| What the task requires |
For this task, output exactly the lines of the material below starting at the line with "london pub wedding" and ending at the line with "mineral geode 3D"; pictures are to be excluded.

| Task data |
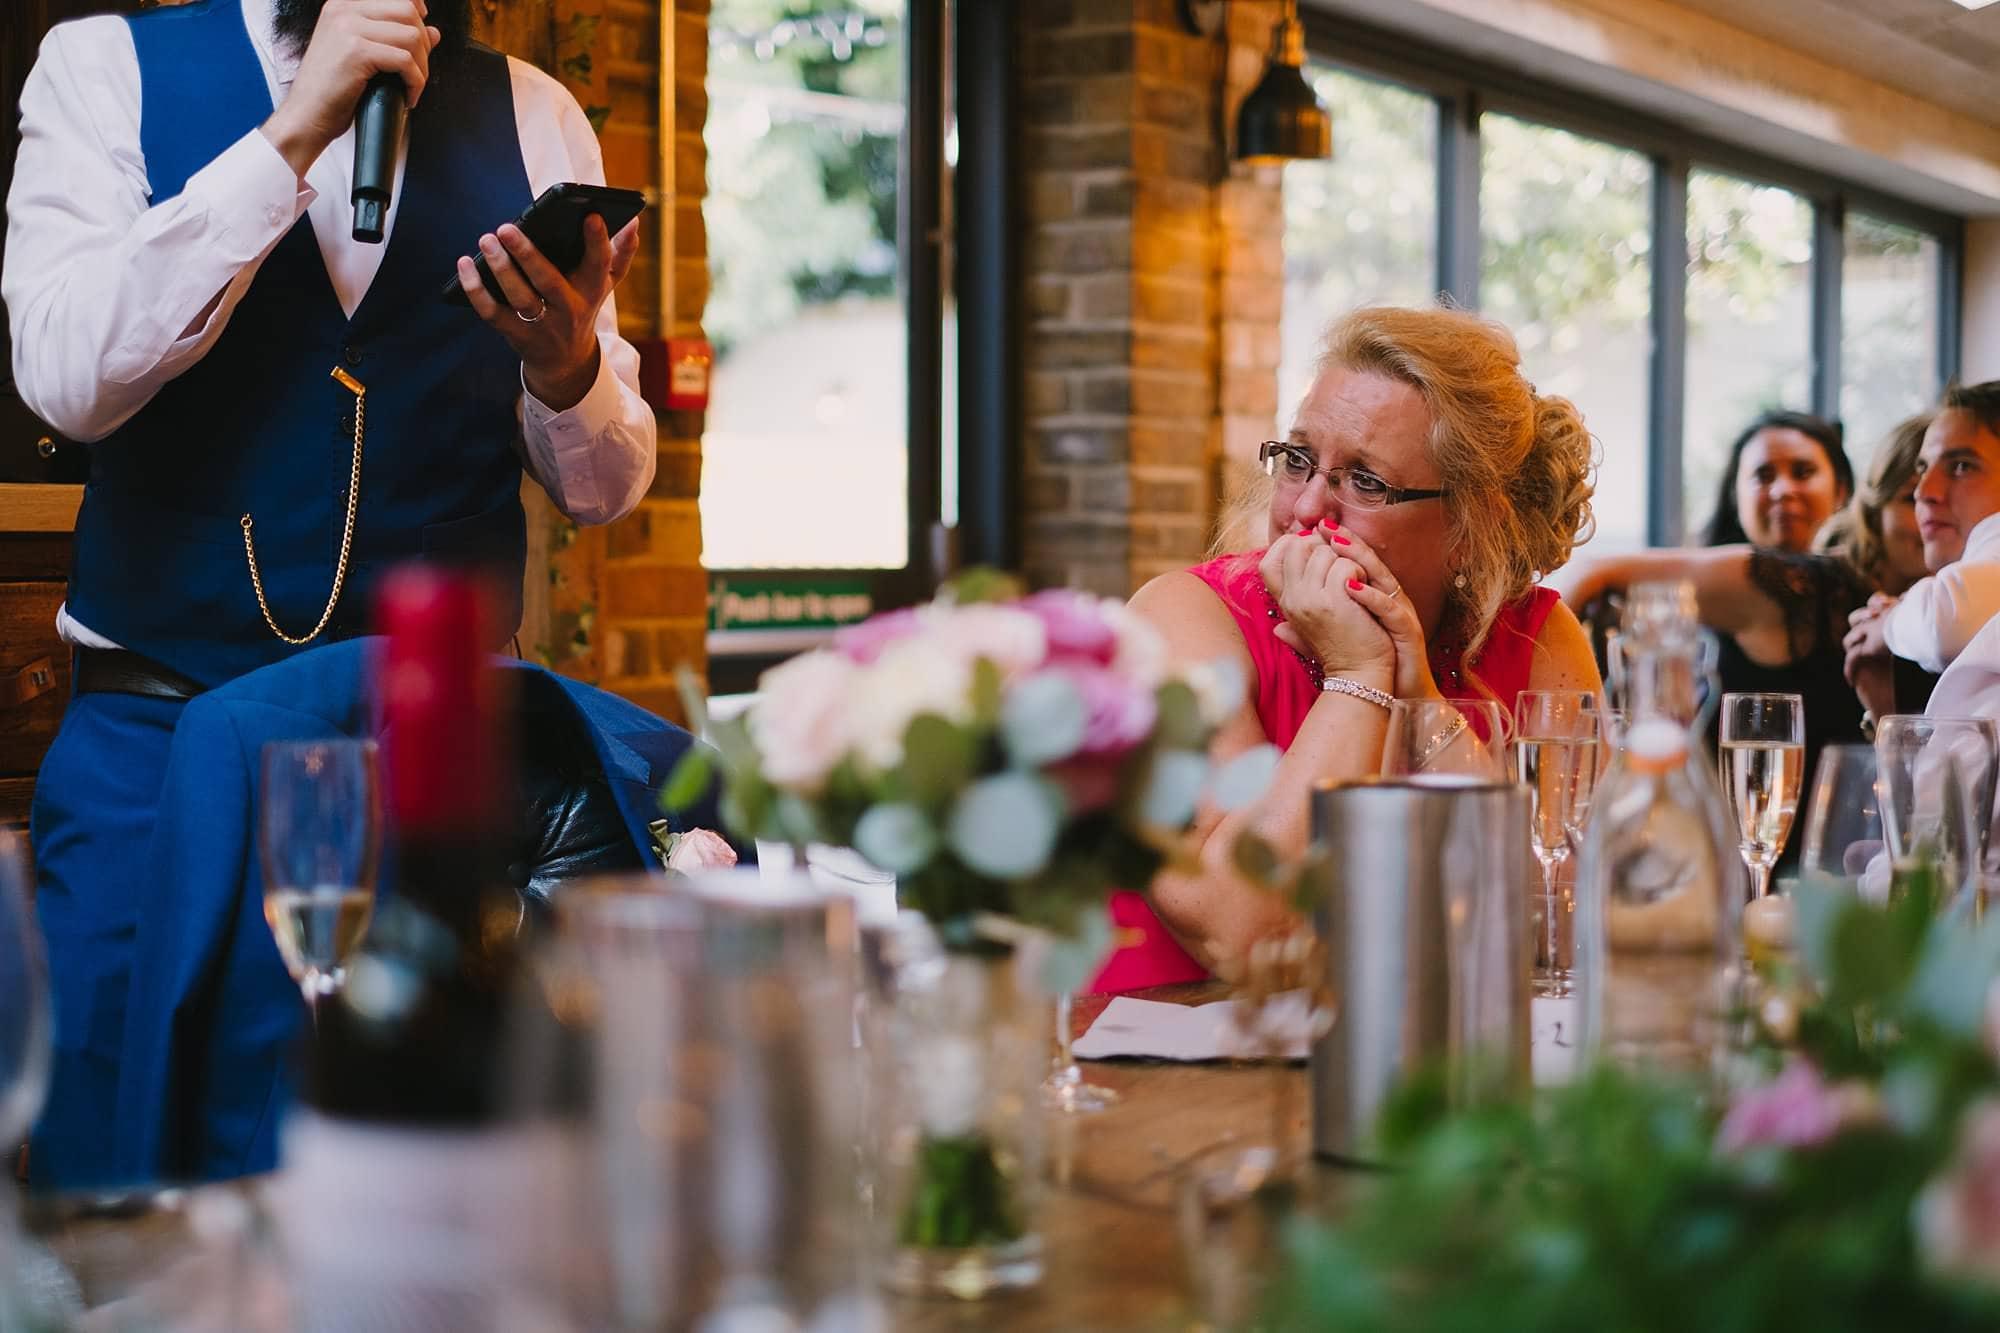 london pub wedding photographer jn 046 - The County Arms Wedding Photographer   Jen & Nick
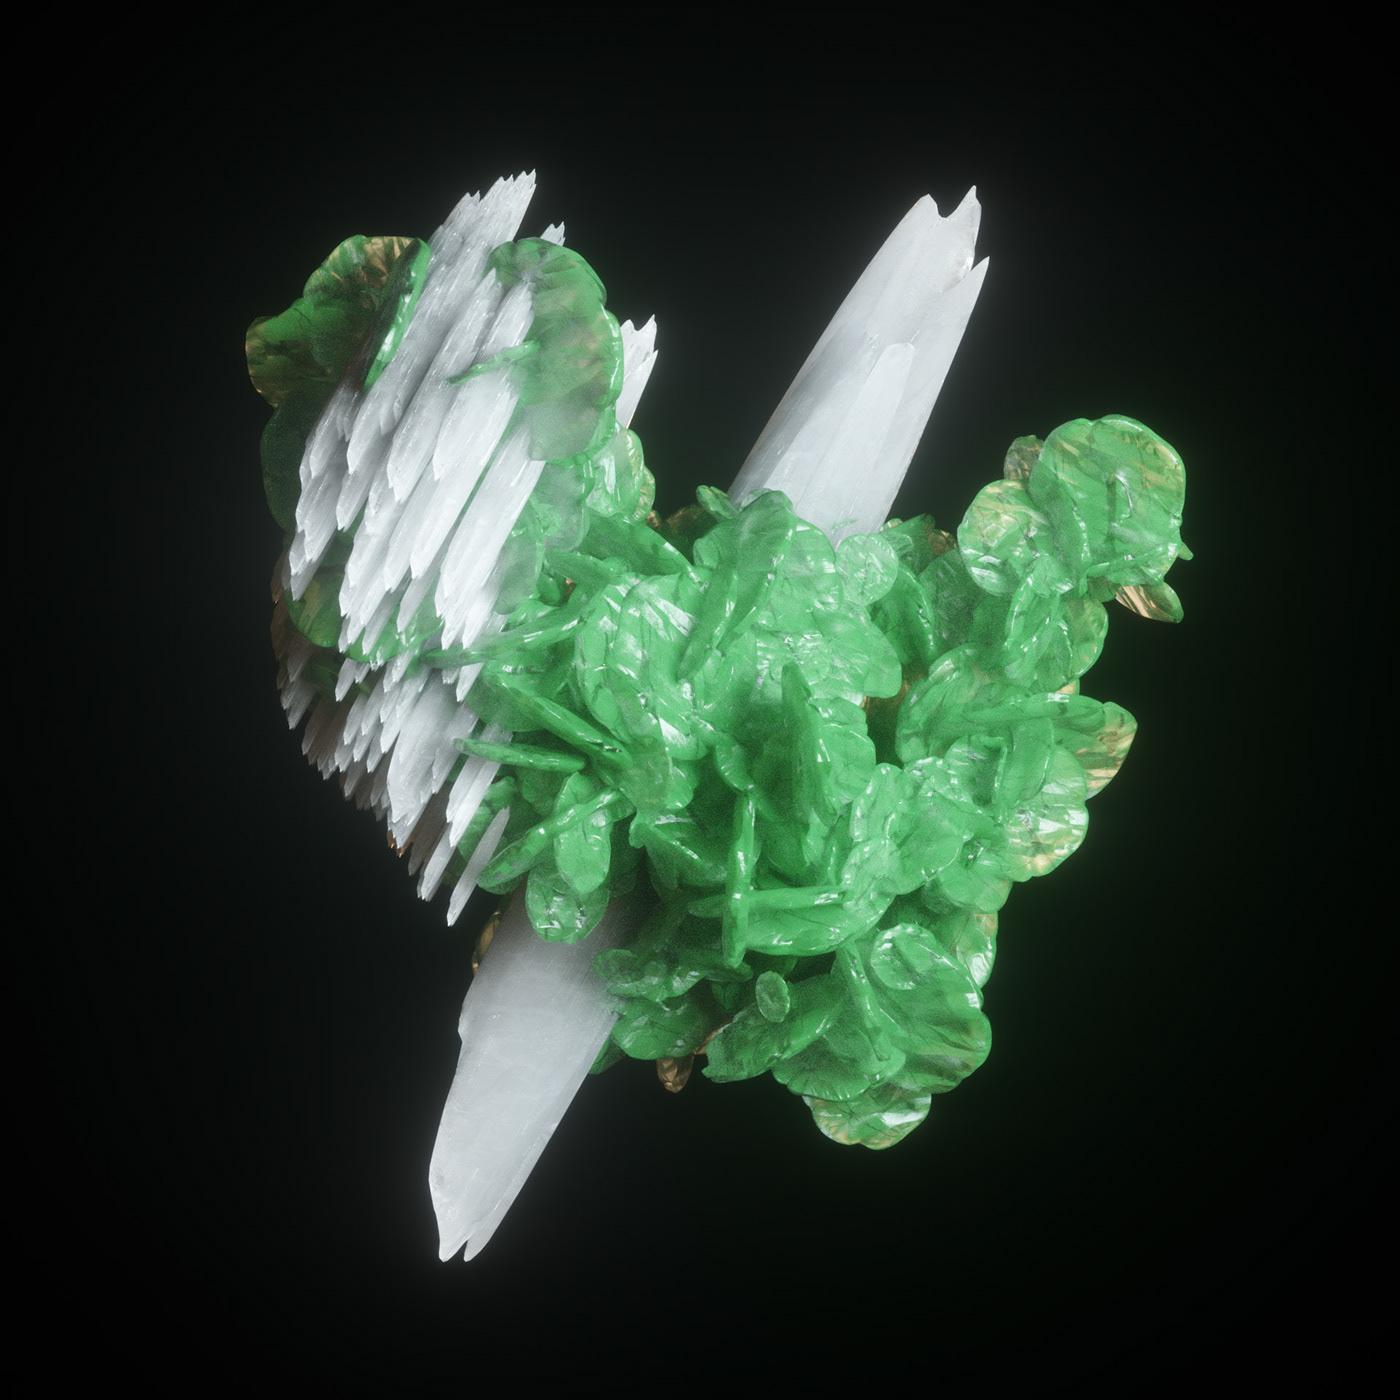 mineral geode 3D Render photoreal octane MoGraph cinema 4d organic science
==
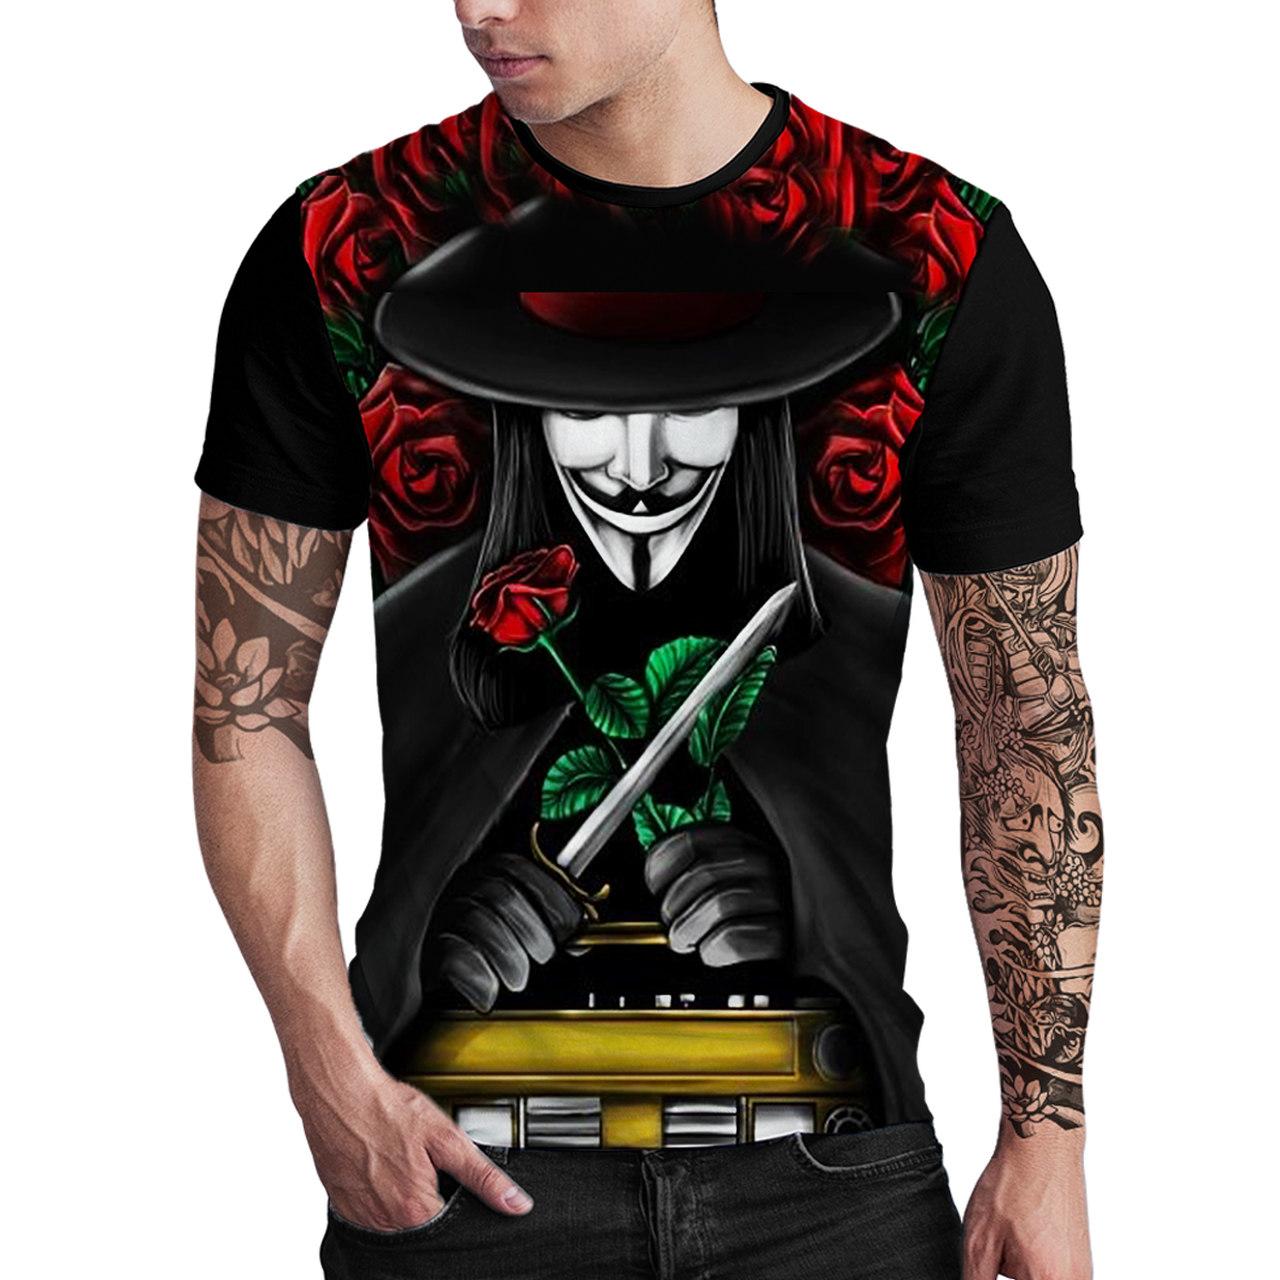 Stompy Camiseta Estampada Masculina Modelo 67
--
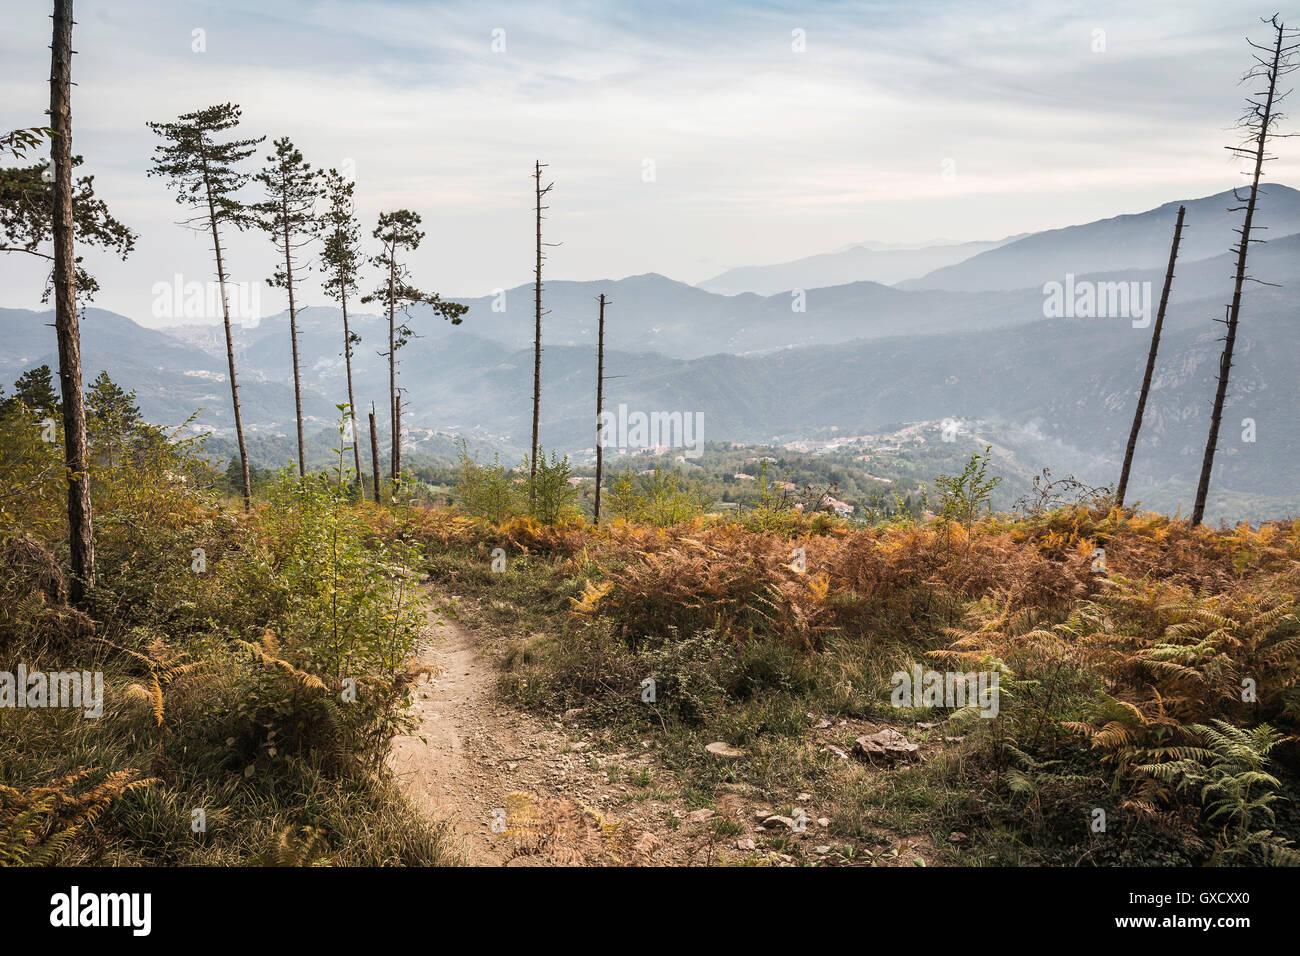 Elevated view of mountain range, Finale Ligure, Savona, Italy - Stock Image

| Task answer |
 london pub wedding photographer jn 046 - The County Arms Wedding Photographer   Jen & Nick
 mineral geode 3D Render photoreal octane MoGraph cinema 4d organic science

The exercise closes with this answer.